A reverse stock split is a FINRA corporate action which, once approved, reduces the number of shares and causes a temporary proportionate increase in the per share price.
In theory, a reverse stock split is supposed to have no effect on the value of a shareholder’s stock in the Company. However, following a reverse stock split, many Issuers do not maintain their post-reverse share price, since eventually the market will determine where it lands.
A reverse stock split would follow these steps:
- Shareholders vote to reverse split the stock in order to increase share price in the hopes of attracting institutional investors who might otherwise shy away from the Company based on its sub penny stock price. SEC filers will use the Form 14 at this stage.
- Board of Directors approves a reverse stock split and authorizes management to file the appropriate documents with the State and FINRA.
- CEO files a Certificate of Change/Amendment (in Nevada, for instance) which details the amount of the reverse split and the proposed effective date, which is usually at least ten days hence.

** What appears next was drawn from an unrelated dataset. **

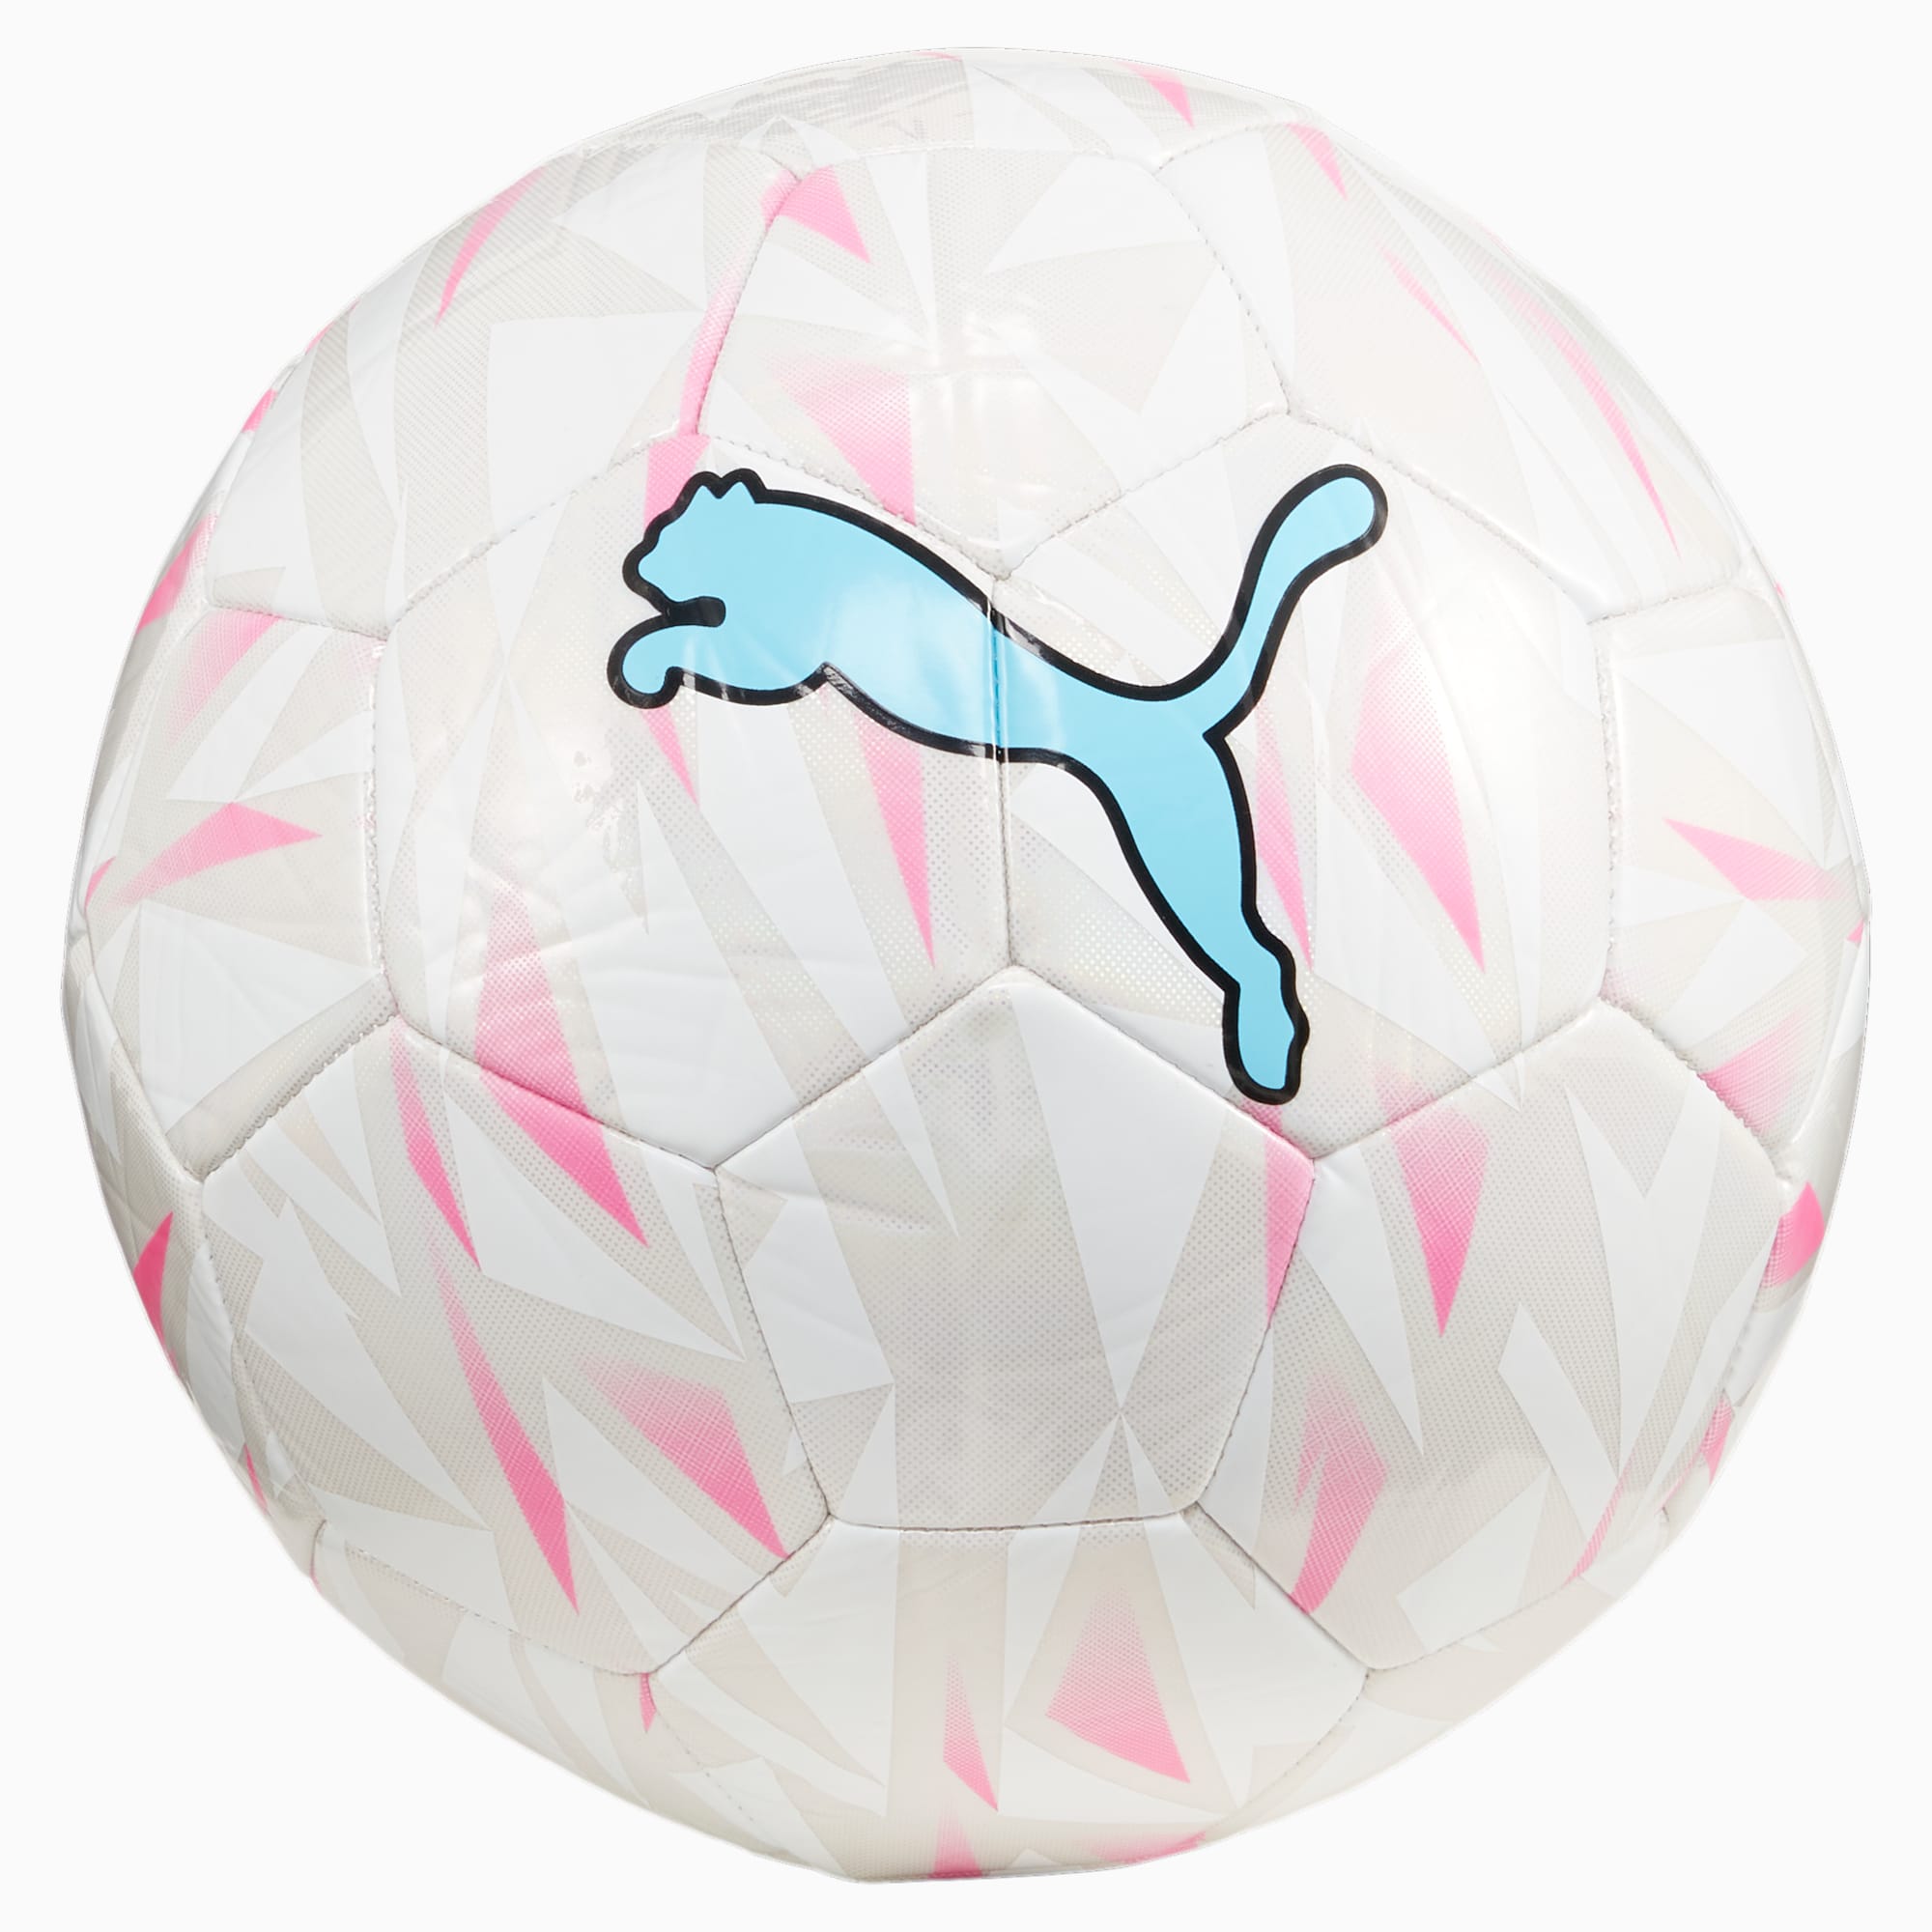 PUMA FINAL Graphic Fußball, Silber/Rosa/Weiß, Größe: 3
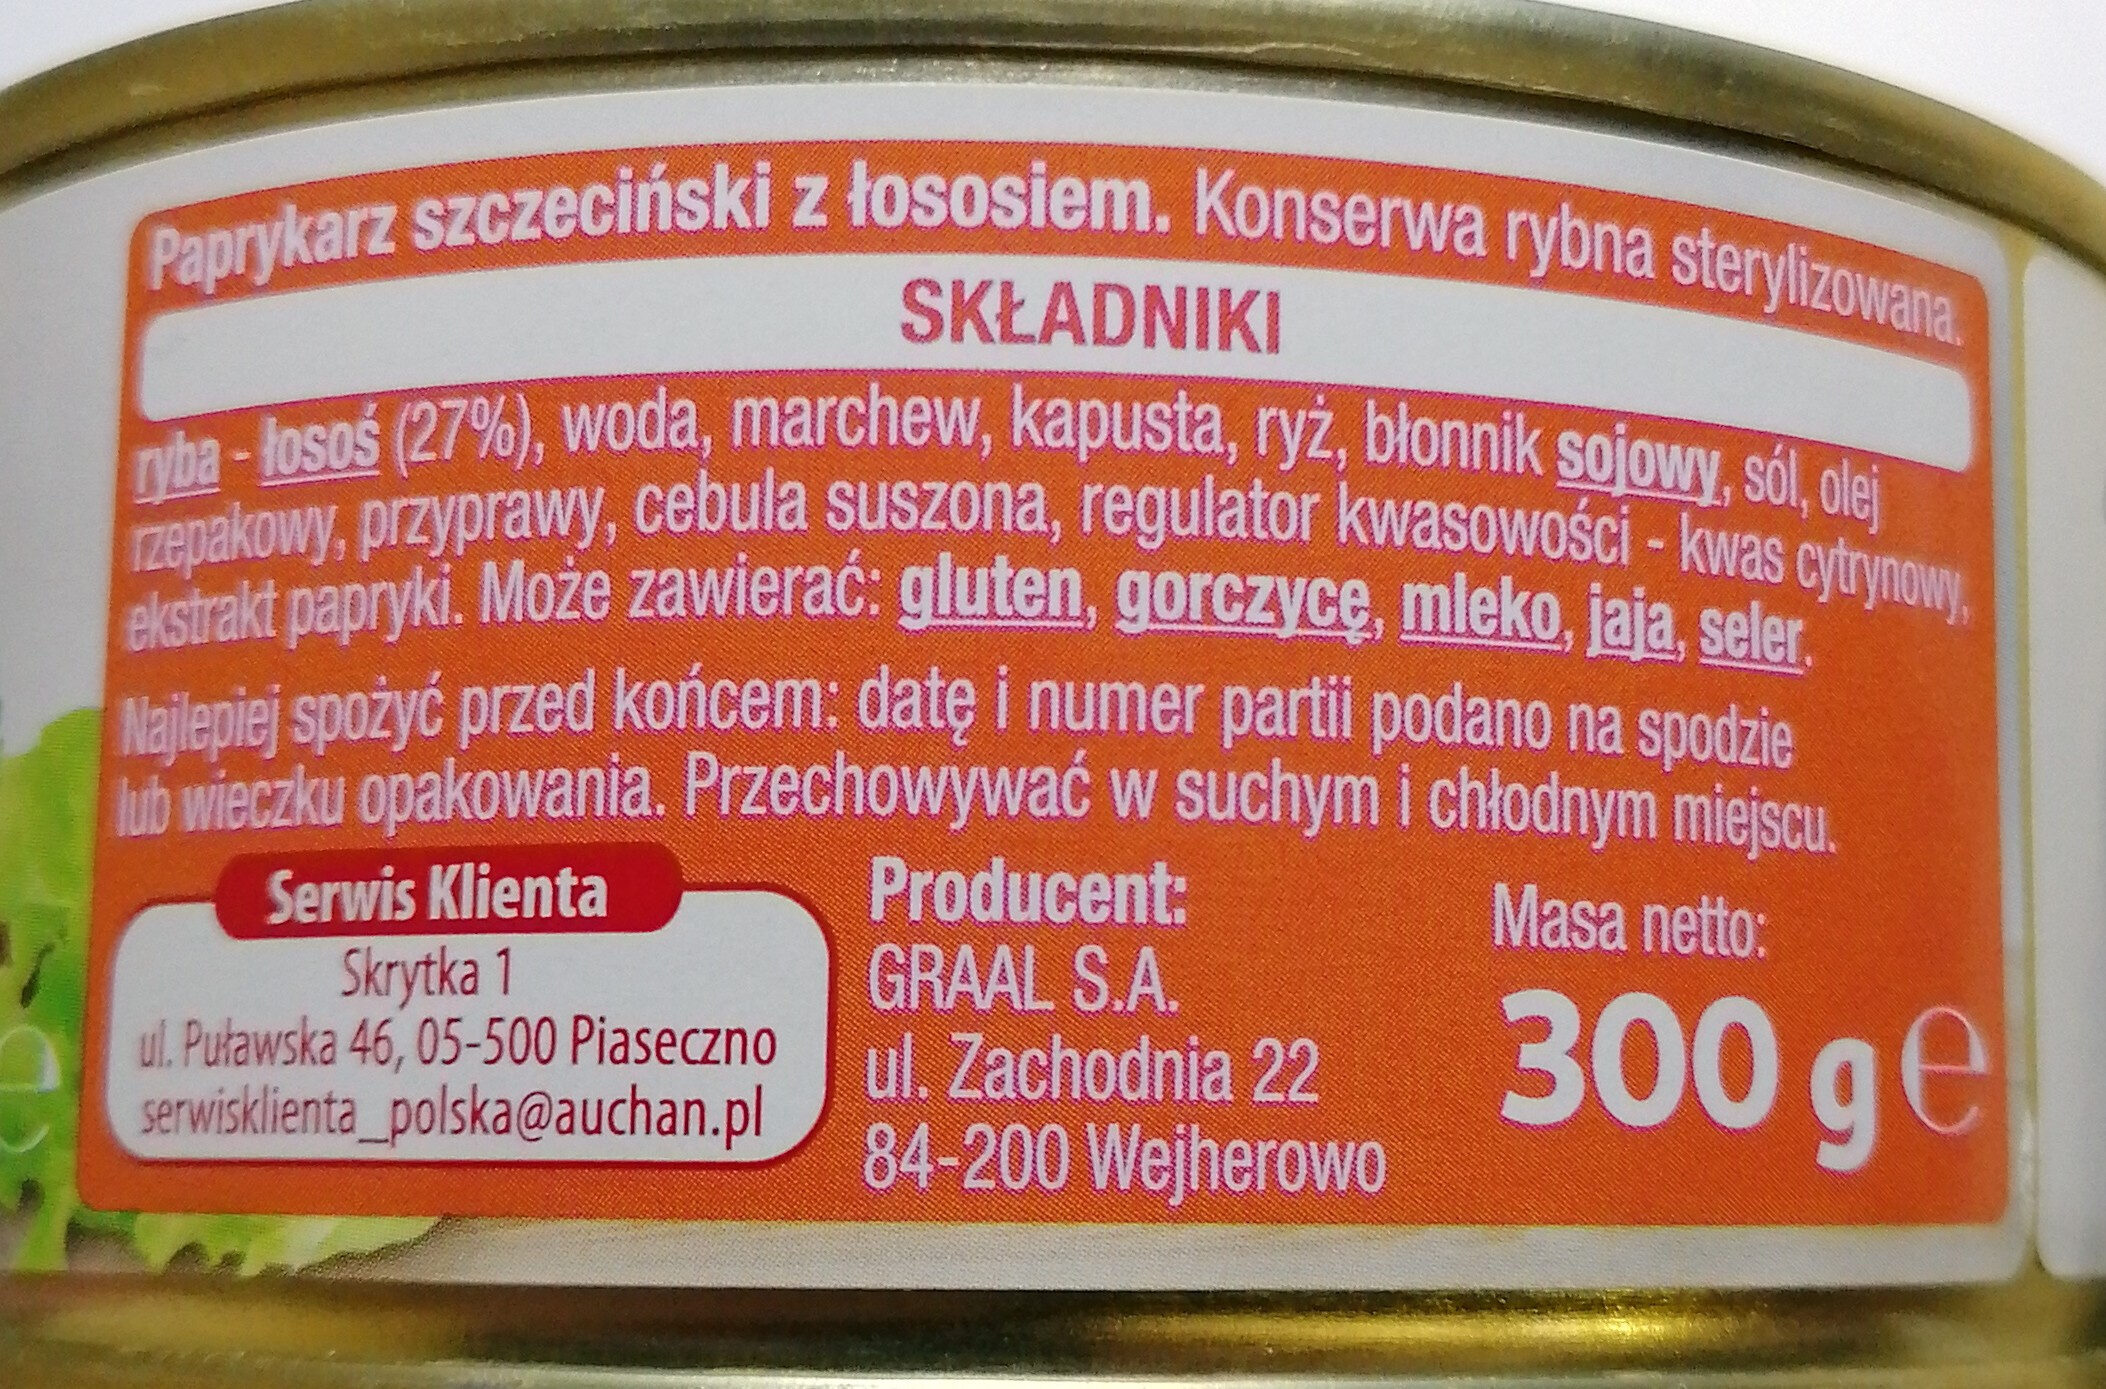 Paprykarz Szczeciński z łososiem. - Ingrédients - pl

- Issuer counsel files for a new CUSIP.
- Issuer counsel files for a new Corporate Action with FINRA and provides all of the supporting shareholder and Board documentation to show approval.
- Company announces the proposed reverse split in a news release, 8-K, etc.
- FINRA reviews and approves the reverse stock split if all of the necessary corporate formalities have been followed.
- DTC requires a legal opinion from outside securities counsel on the new, post-reverse-split shares.